Today, South Carolina senator Jim DeMint, who was Tea Party before Tea Party was cool, announced that he is retiring just two years into his six-year term. And will he be returning home to Greenville, perhaps to open a general store and be closer to good people of his state? Of course not. That's not what senators do when they retire. They become high-priced lobbyists, cashing in on their years of service by selling their insider status to the highest bidder.
But DeMint won't be doing that either. Instead, he'll become president of the Heritage Foundation, the right's largest and most influential think tank, despite the fact that DeMint was never one for thinkin'. As our old friend Ezra tweeted upon hearing the news, "To state the obvious, you don't make Jim DeMint the head of your think tank in order to improve the quality of your scholarship."
You might wonder whether DeMint thinks he can accomplish more at Heritage than in the Senate, but the truth is, he probably can. As a senator, DeMint has seen his mandate primarily as stopping things liberals want to do, rather than accomplishing anything affirmative. Which, if you separate it from his particular troglodytic ideology, isn't problematic in and of itself. Some legislators put their efforts toward legislating, and some put their efforts toward gumming up the works to stop their opponents, and the Senate provides ample opportunity for the latter. But there's only so much satisfaction you can derive from that, and there are other Republicans who will pick up DeMint's torch.
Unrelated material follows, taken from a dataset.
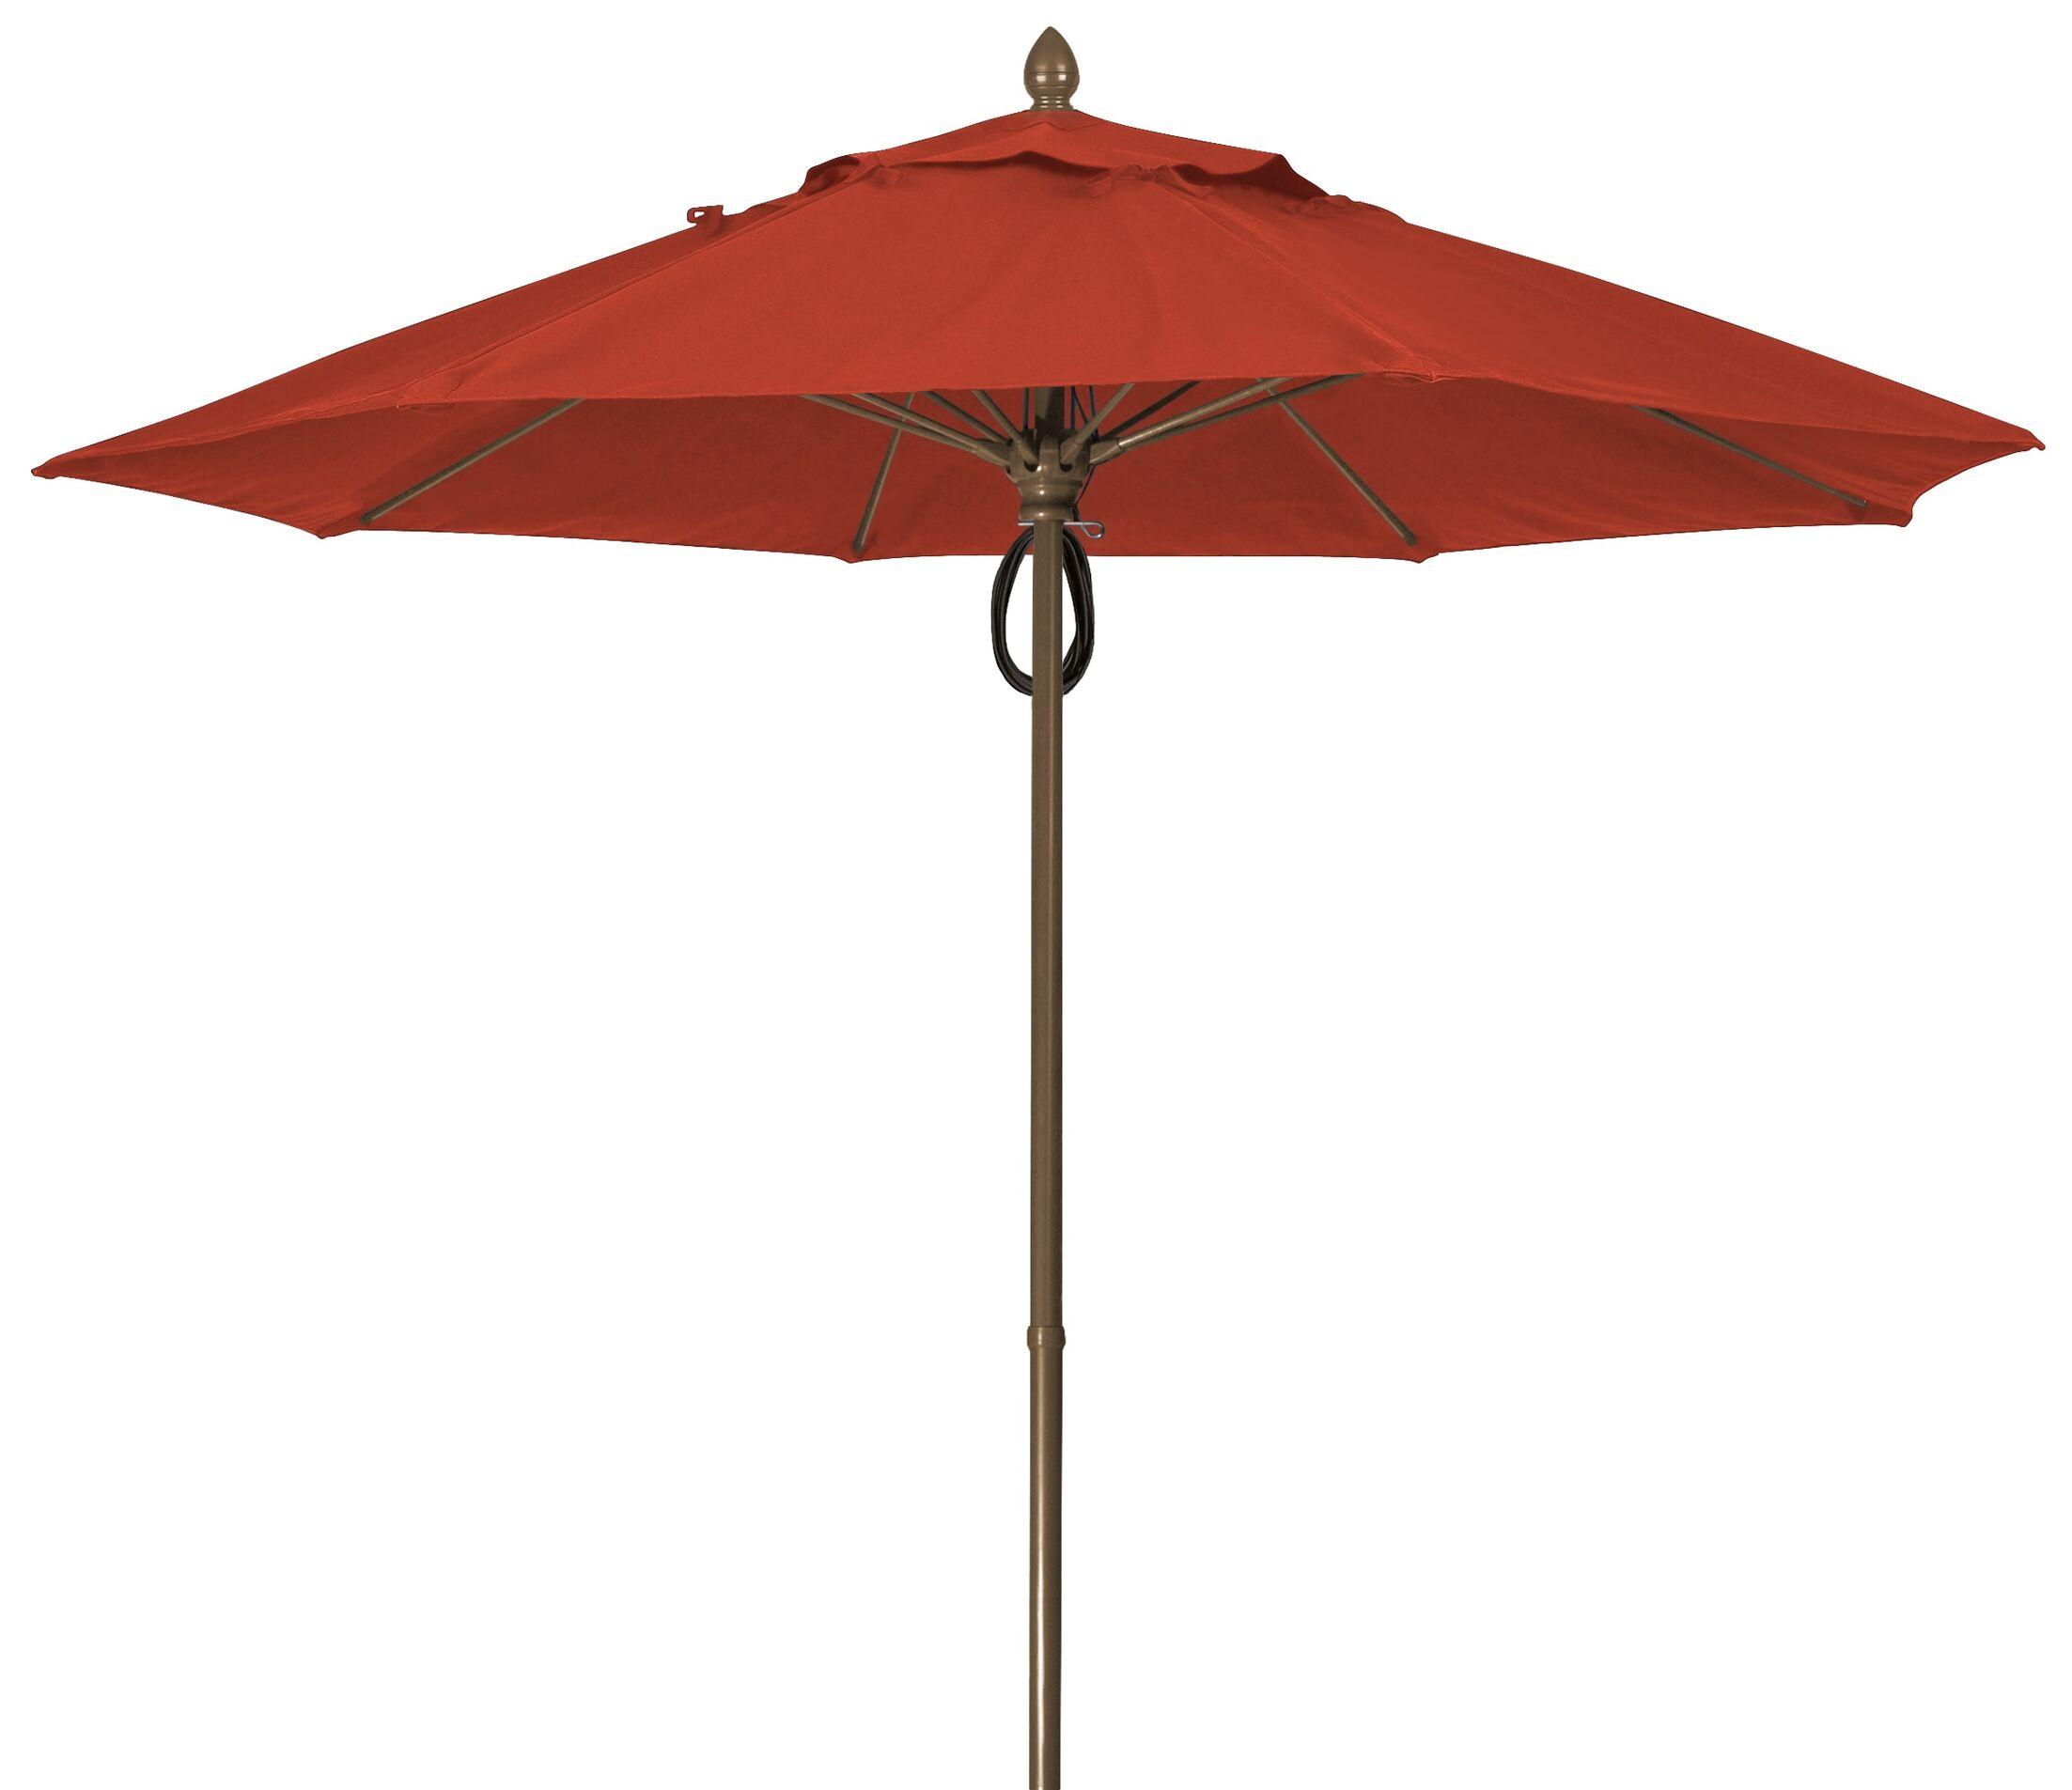 Prestige 9' Market Umbrella Frame Finish: Champagne Bronze, Fabric: Terracotta
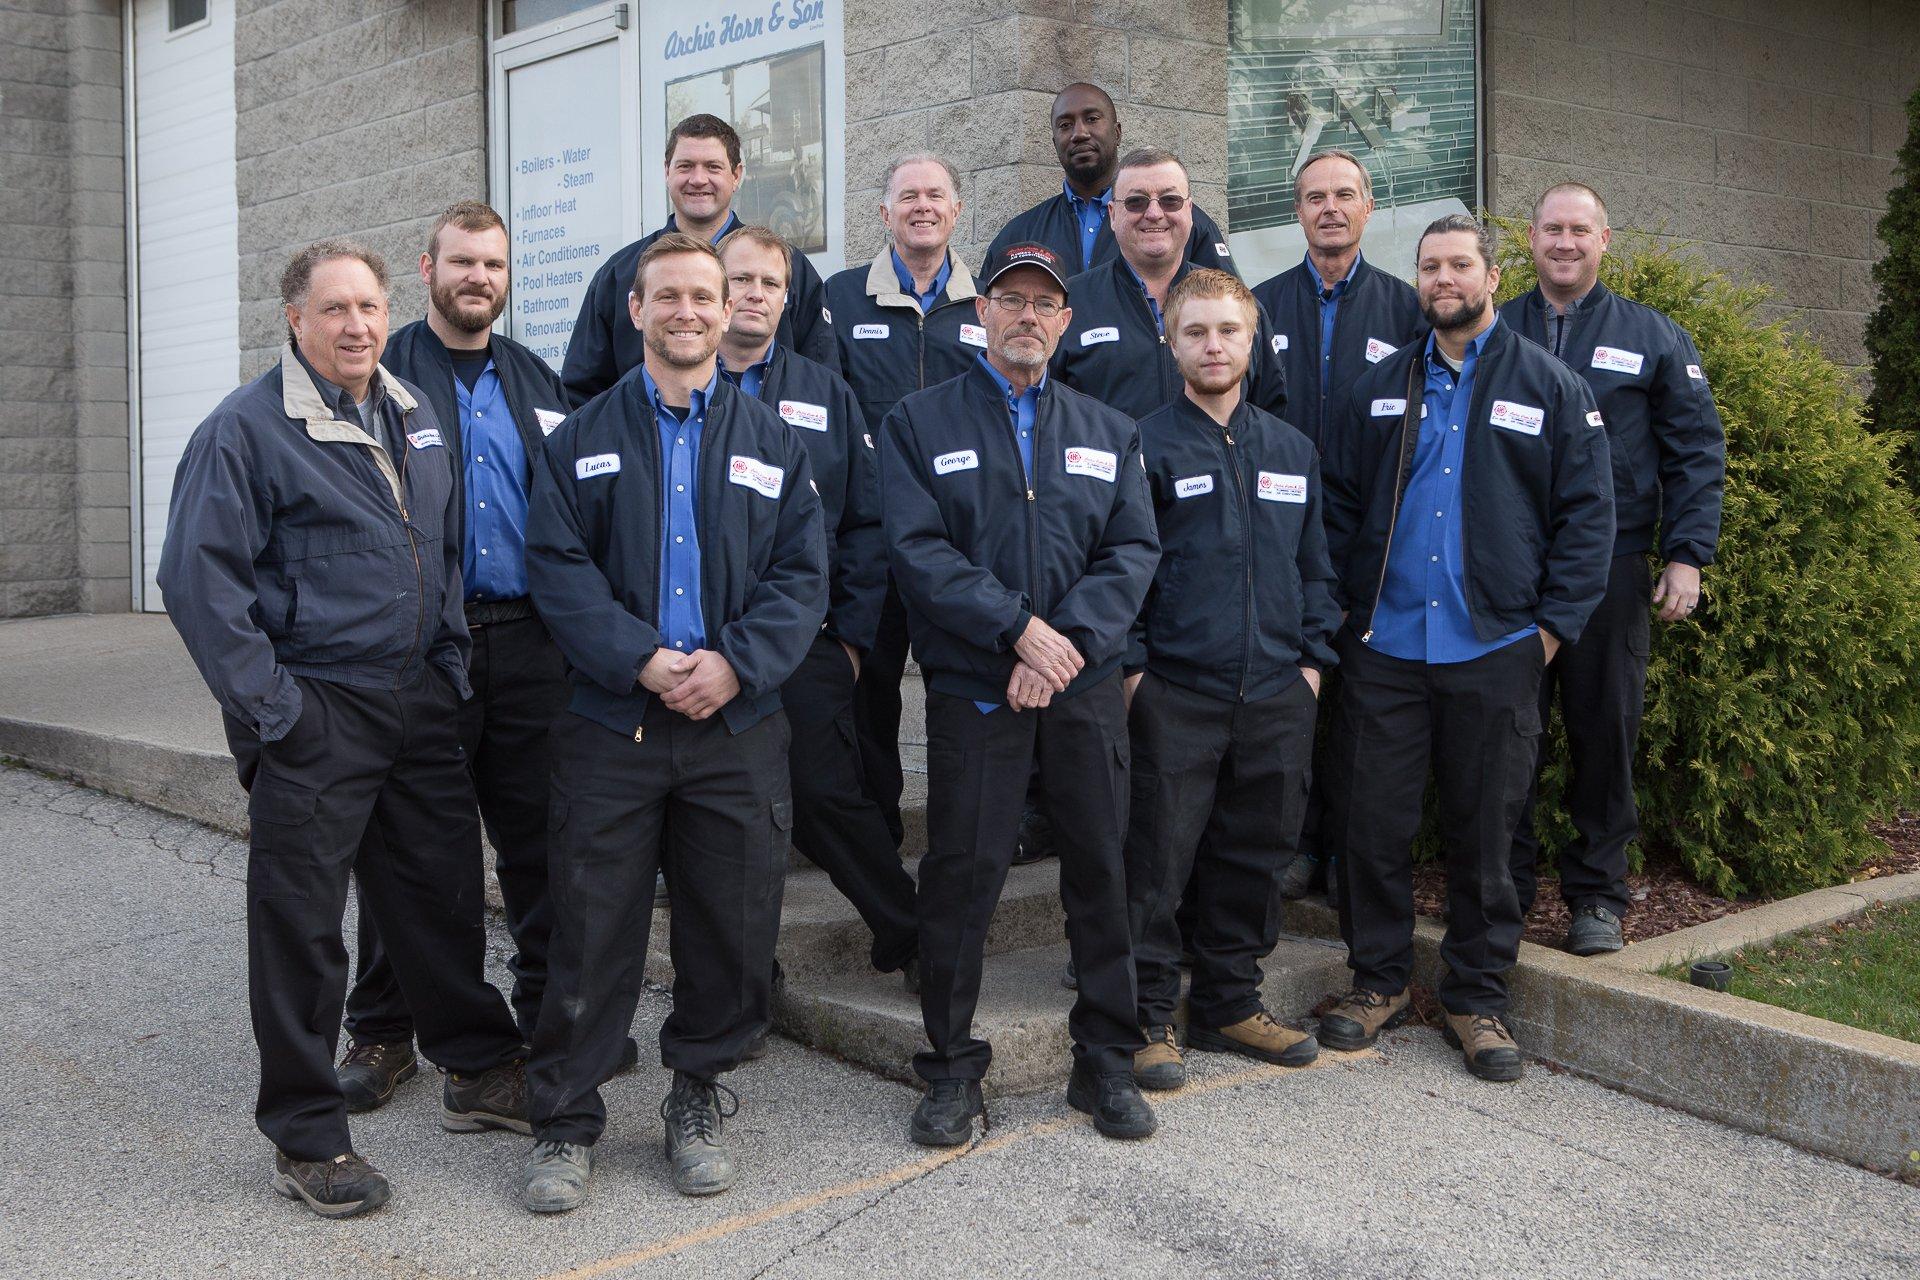 Hamilton Plumber Plumbing Amp Hvac Services Archie Horn

Not to mention the fact that whoever replaces him (South Carolina's Republican governor, Nikki Haley, will appoint a successor who will serve until a special election in 2014) will probably be just as conservative as DeMint.
And if you're not going to become a lobbyist, there are few jobs sweeter for a Republican ex-senator than leading Heritage. It's an enormous organization full of A-list GOP bigwigs (Ed Meese will be just down the hall!), and will provide DeMint a platform to continue pushing the GOP in a conservative direction. According to their 2010 tax return, the organization's budget that year was $80 million. The man DeMint is replacing, Ed Feulner, makes over $1 million a year, which is a hell of a lot more than than the $174,000 DeMint makes now. He'll still have to spend a lot of his time raising money, and sit in boring meetings instead of boring hearings, but he'll also get a big salary bump and be treated with nearly the same deference around Washington that he is now. Sounds like a shrewd move.